## Source data
* * *

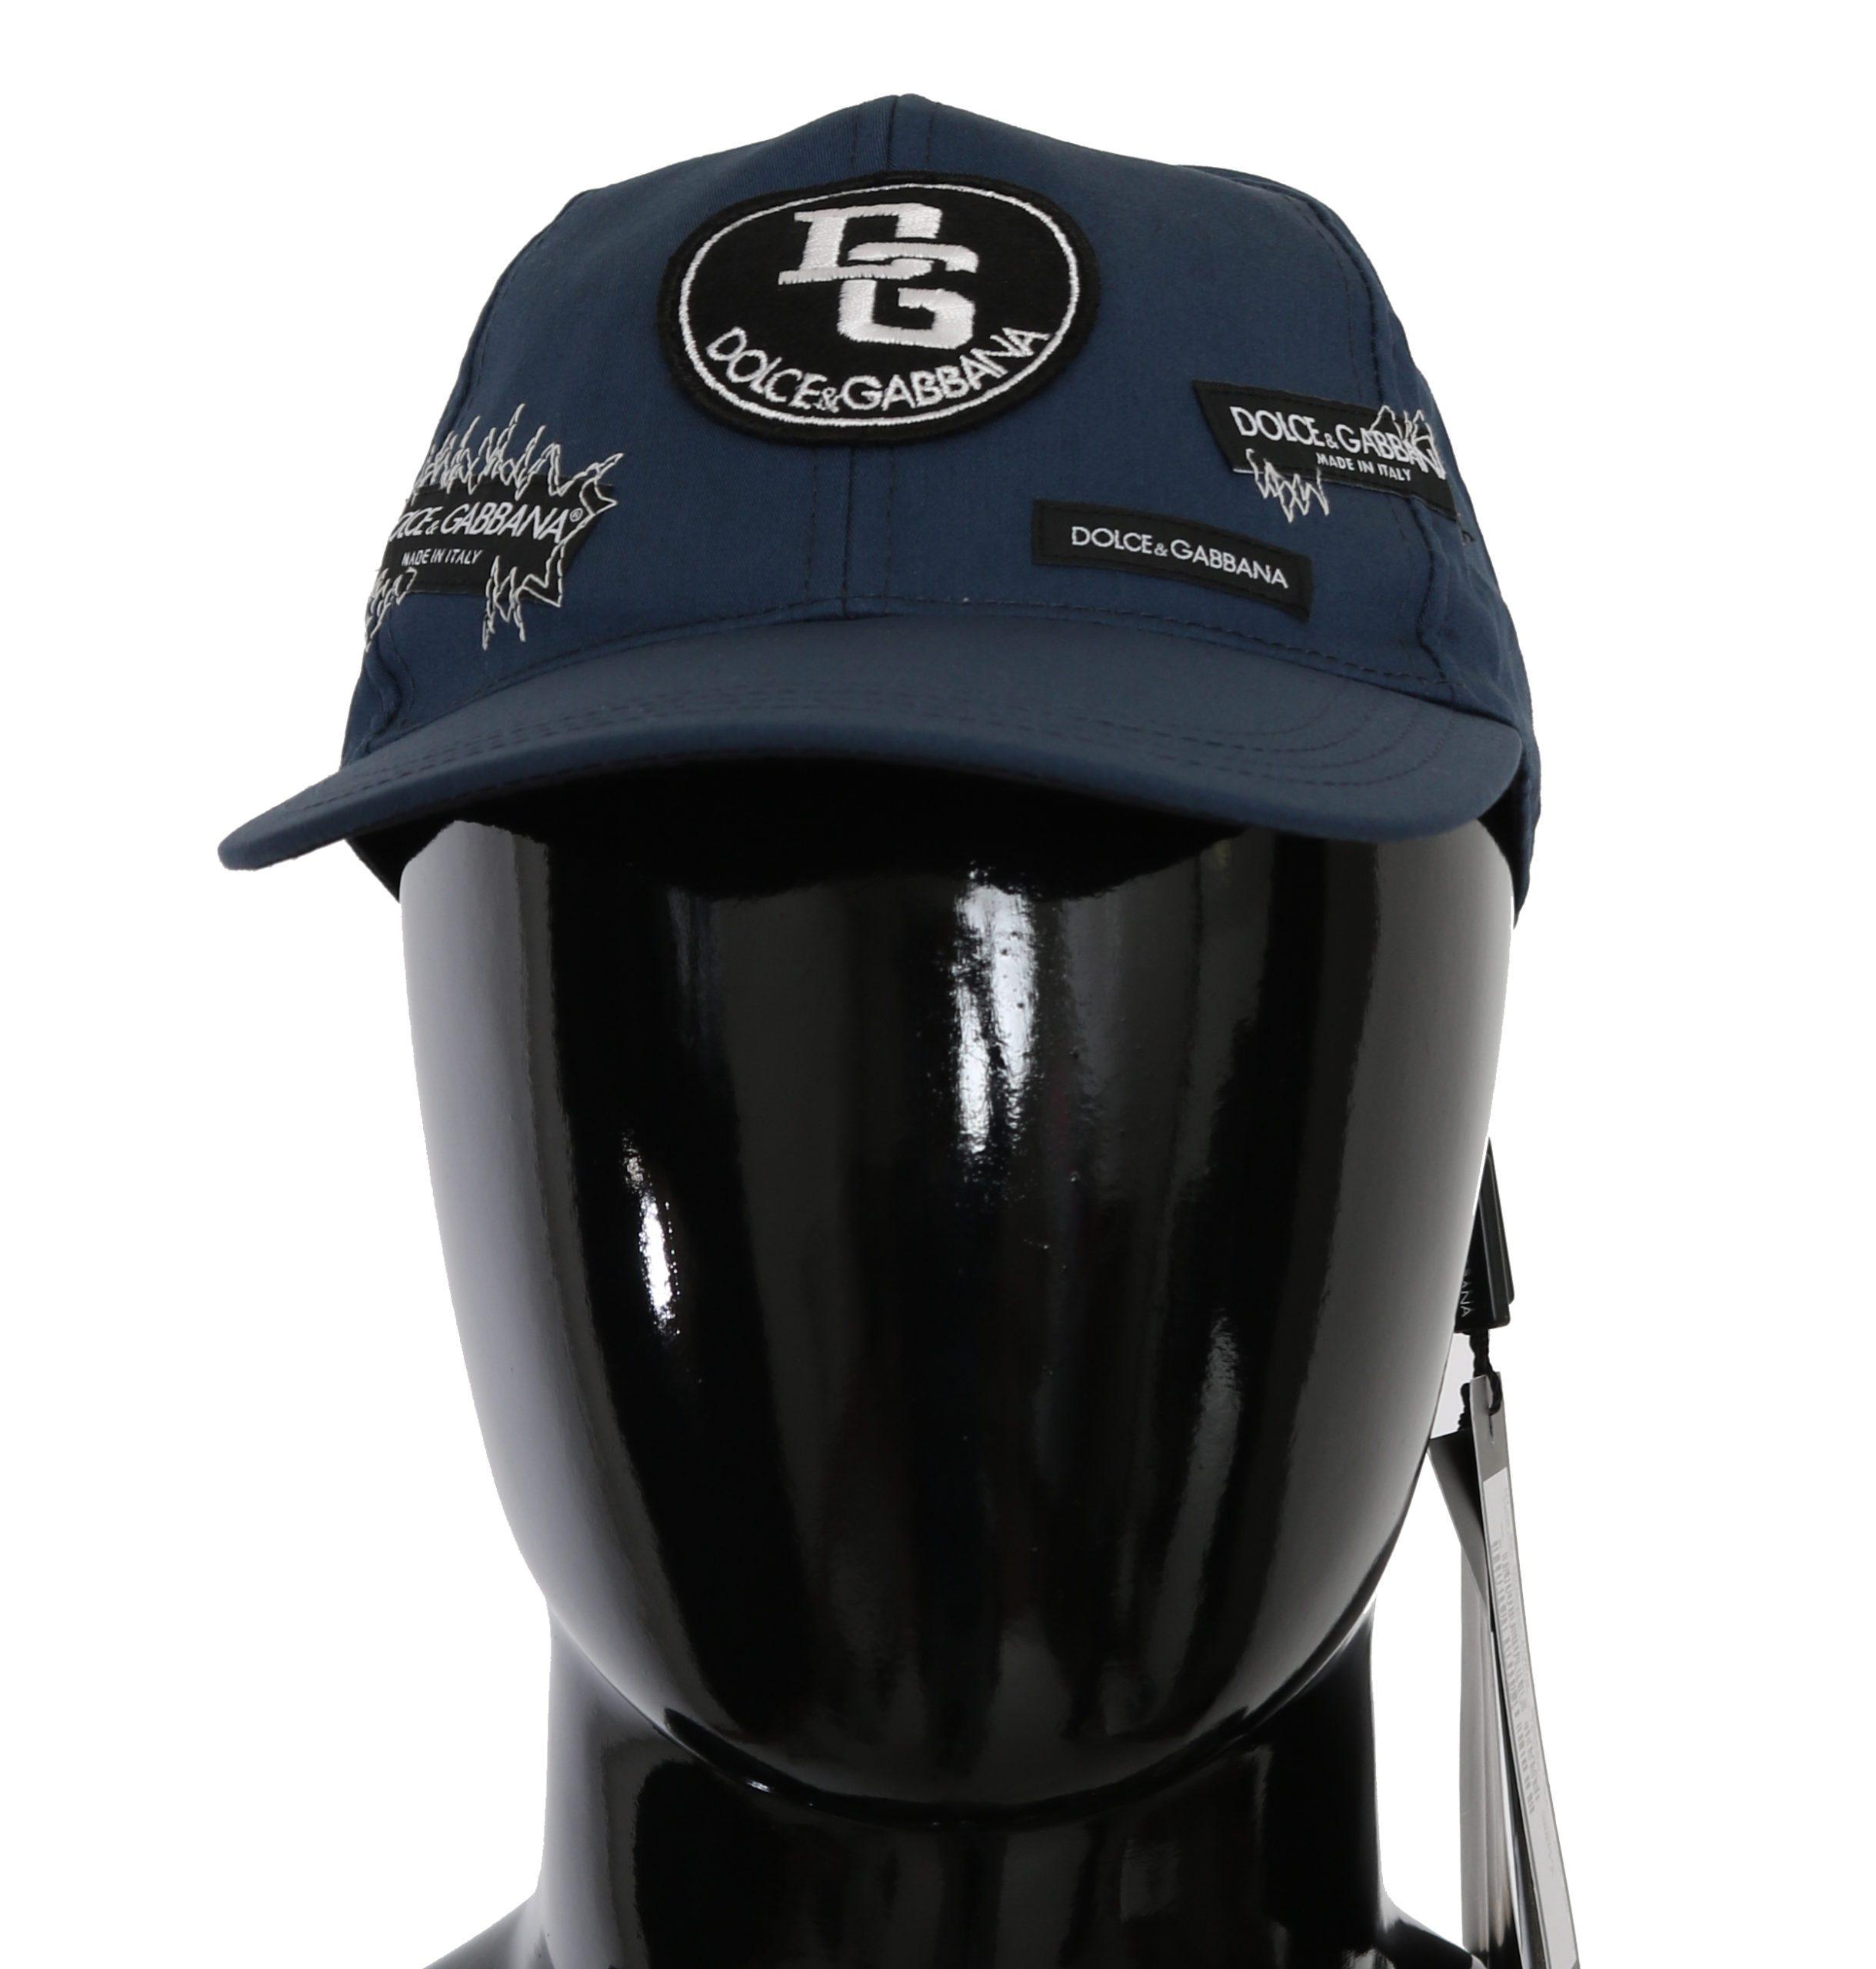 Dolce & Gabbana Men's Patch Baseball Cotton Stretch Hat Blue HAT9057 - 57 cm S
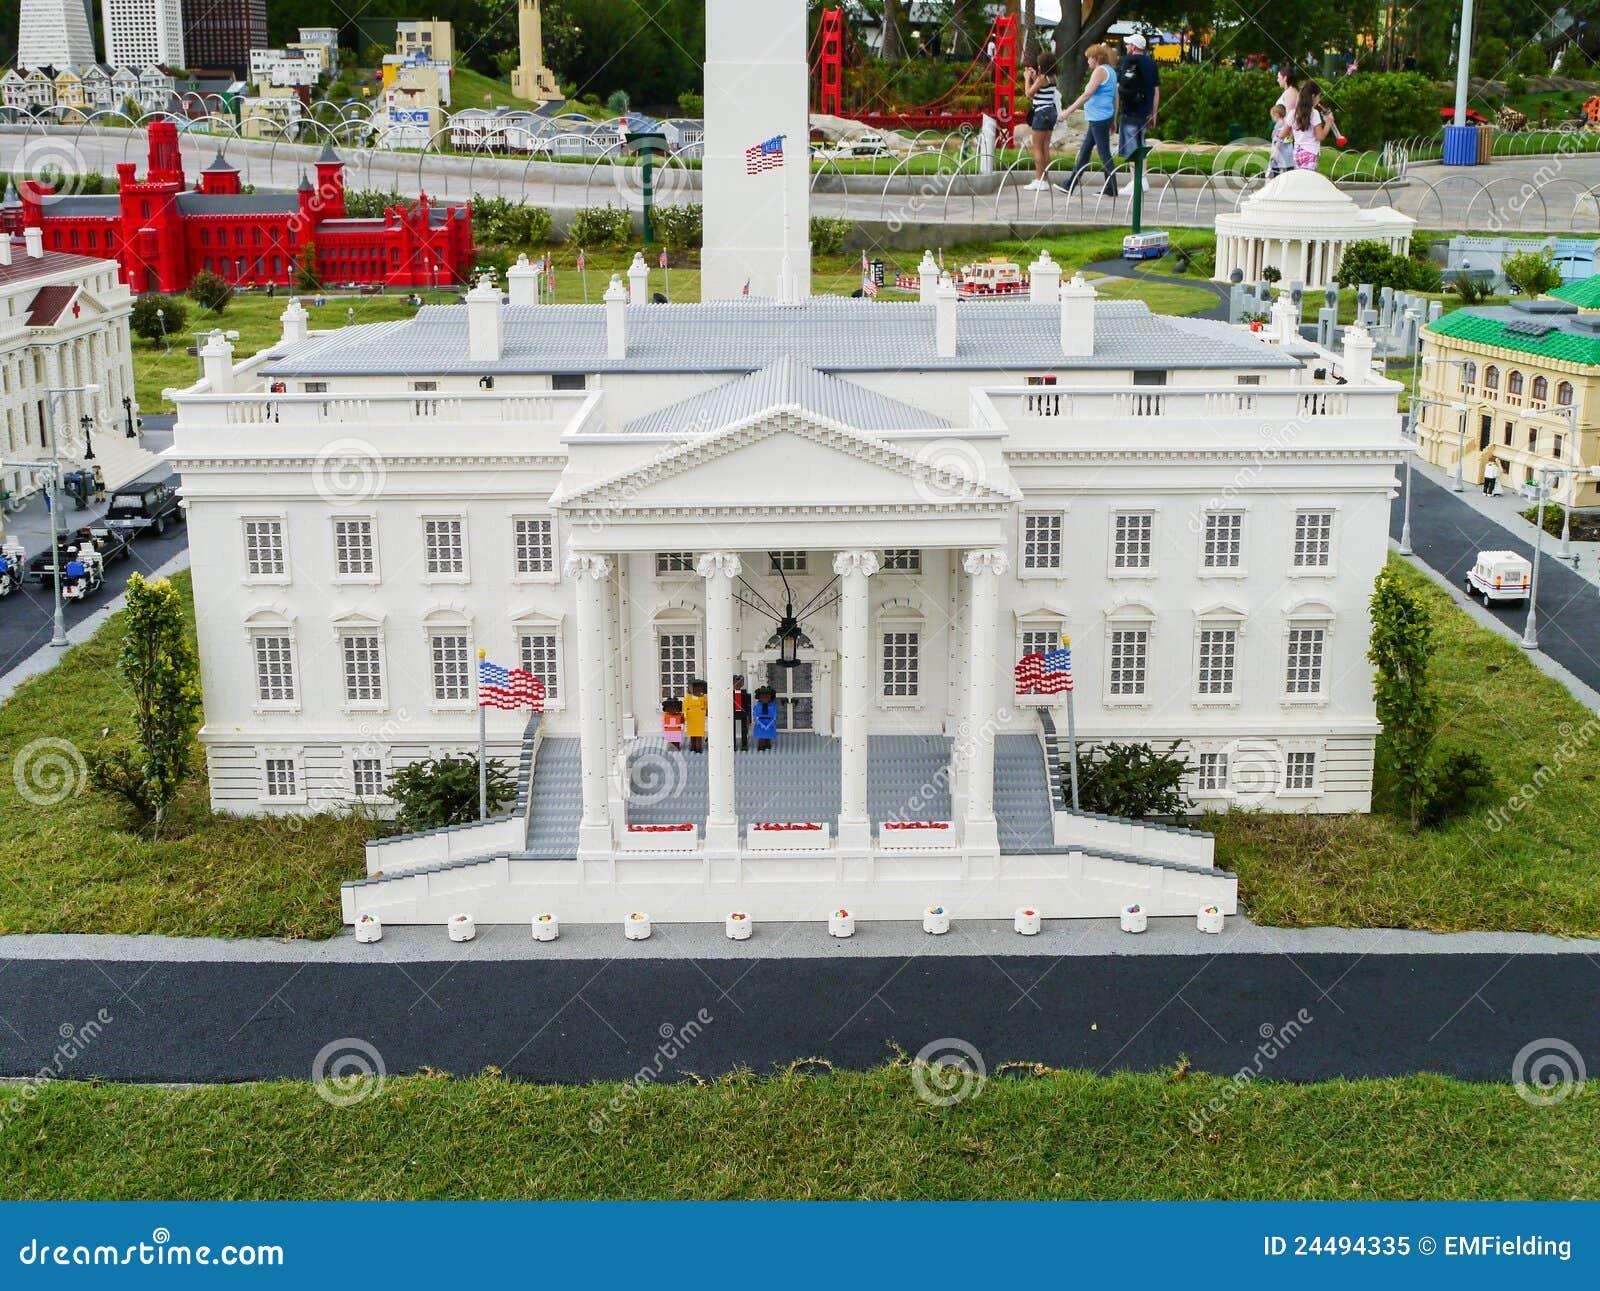 White House Made From Legos At Legoland Florida Le
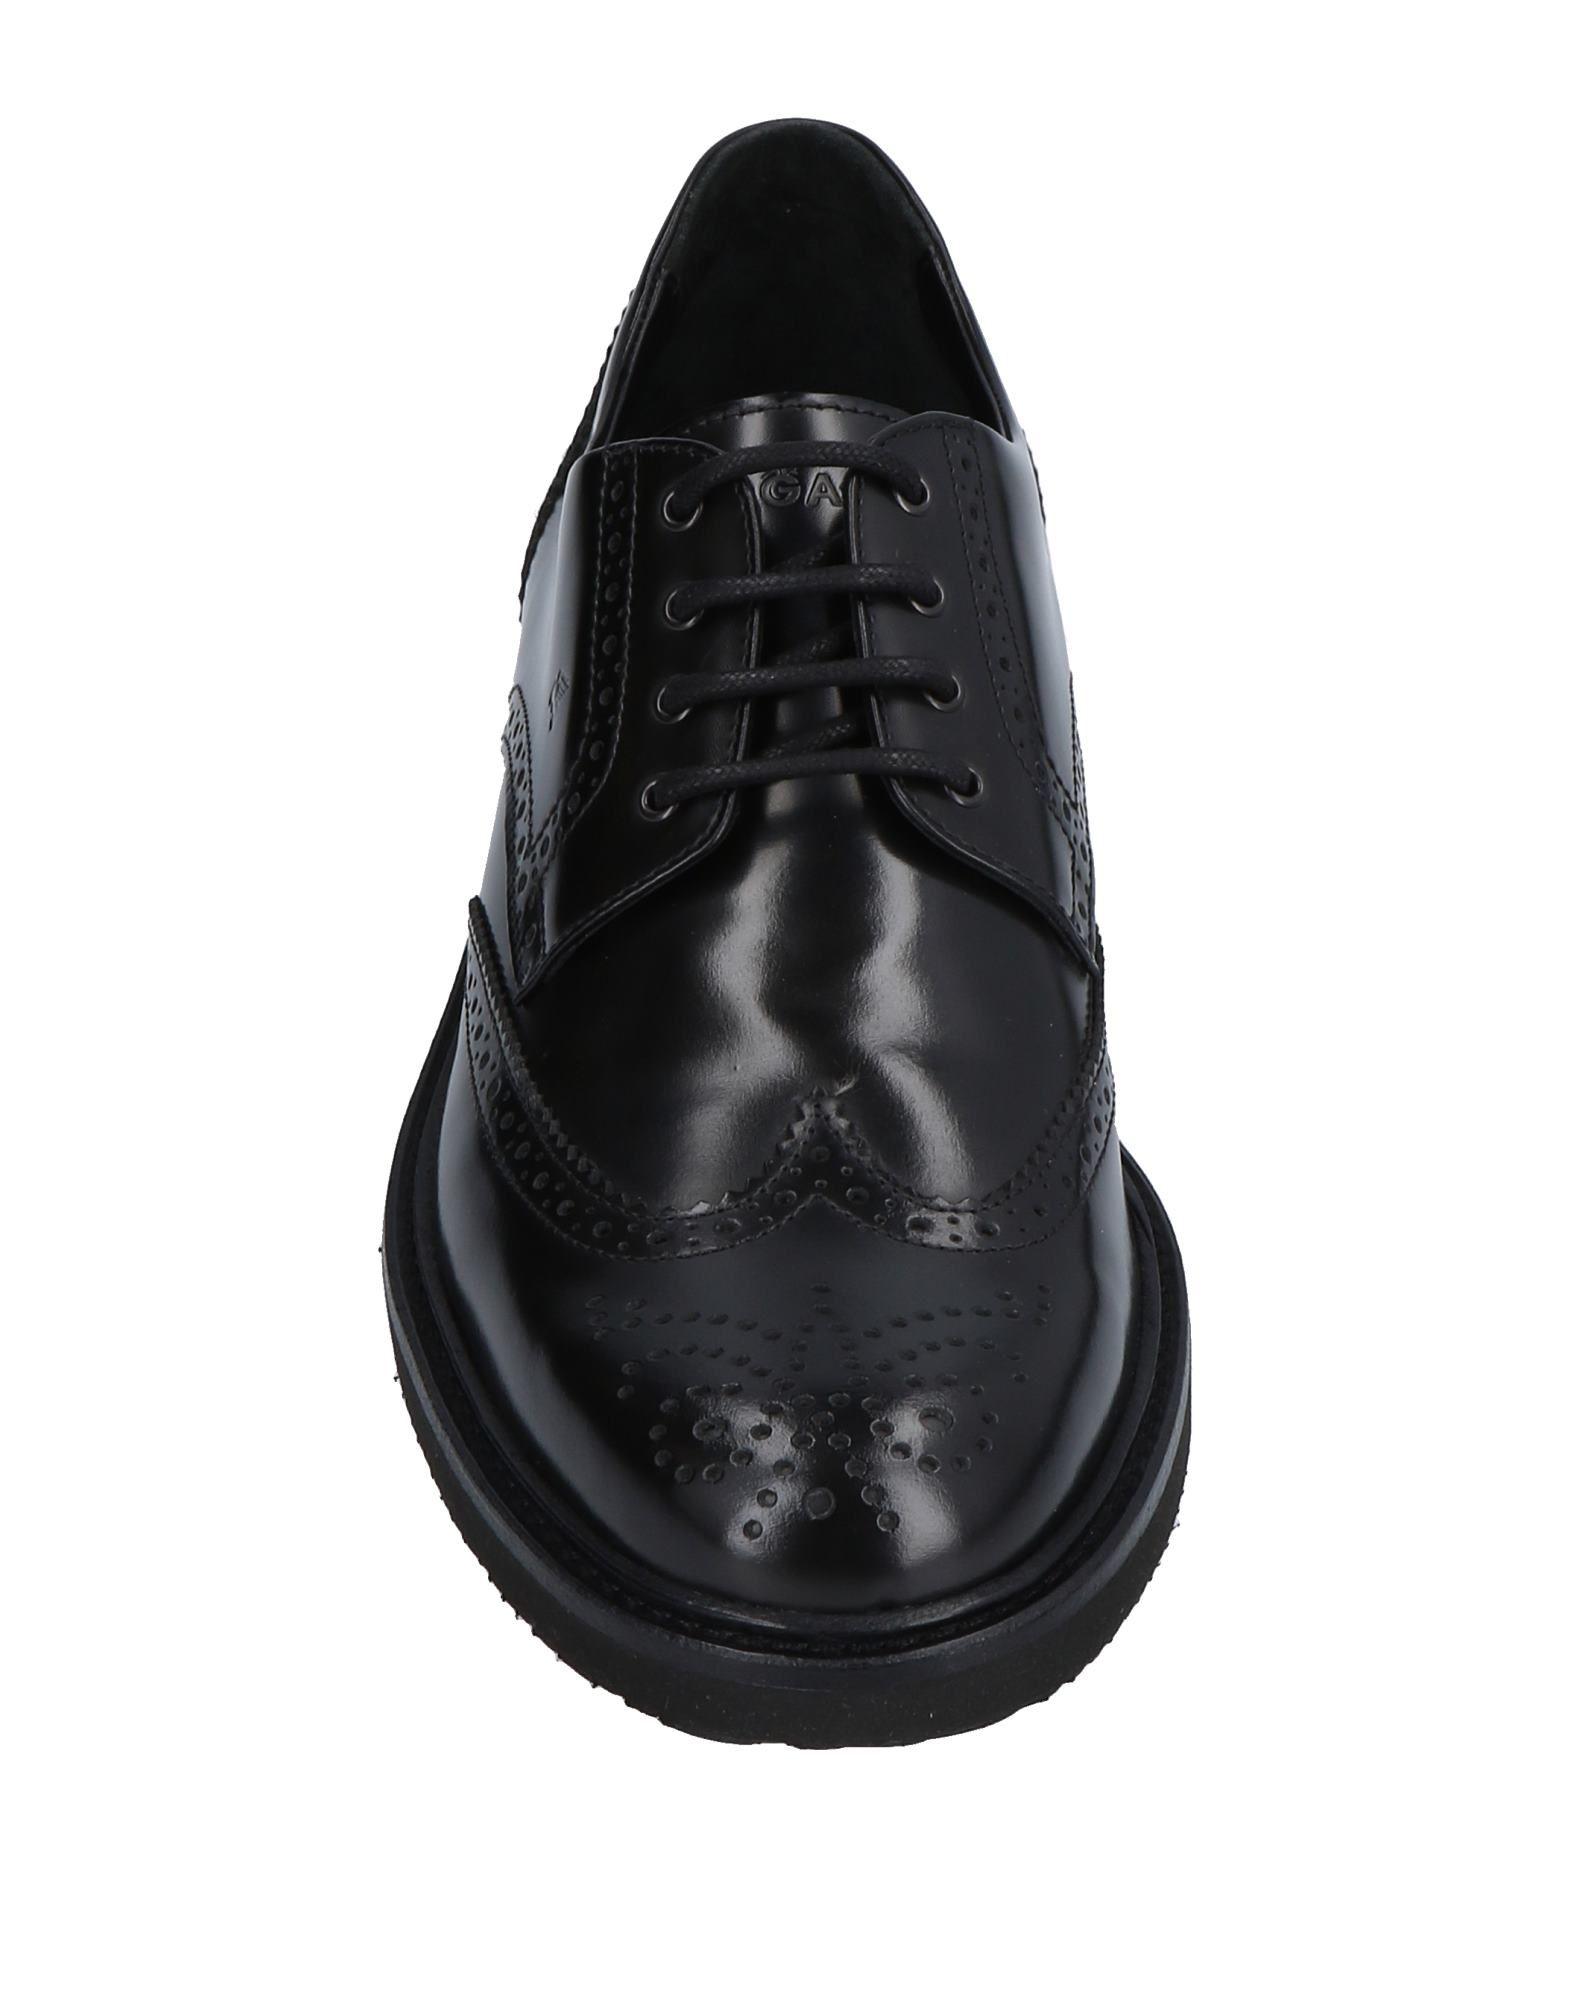 Hogan 11520259IV Schnürschuhe Herren  11520259IV Hogan Gute Qualität beliebte Schuhe 02dc8b

* * *

## Activity
Every line of the data above is to be set down word for word, with the pictures left out.

## The completed task
 Dolce & Gabbana Men's Patch Baseball Cotton Stretch Hat Blue HAT9057 - 57 cm S
 White House Made From Legos At Legoland Florida Le
 Hogan 11520259IV Schnürschuhe Herren  11520259IV Hogan Gute Qualität beliebte Schuhe 02dc8b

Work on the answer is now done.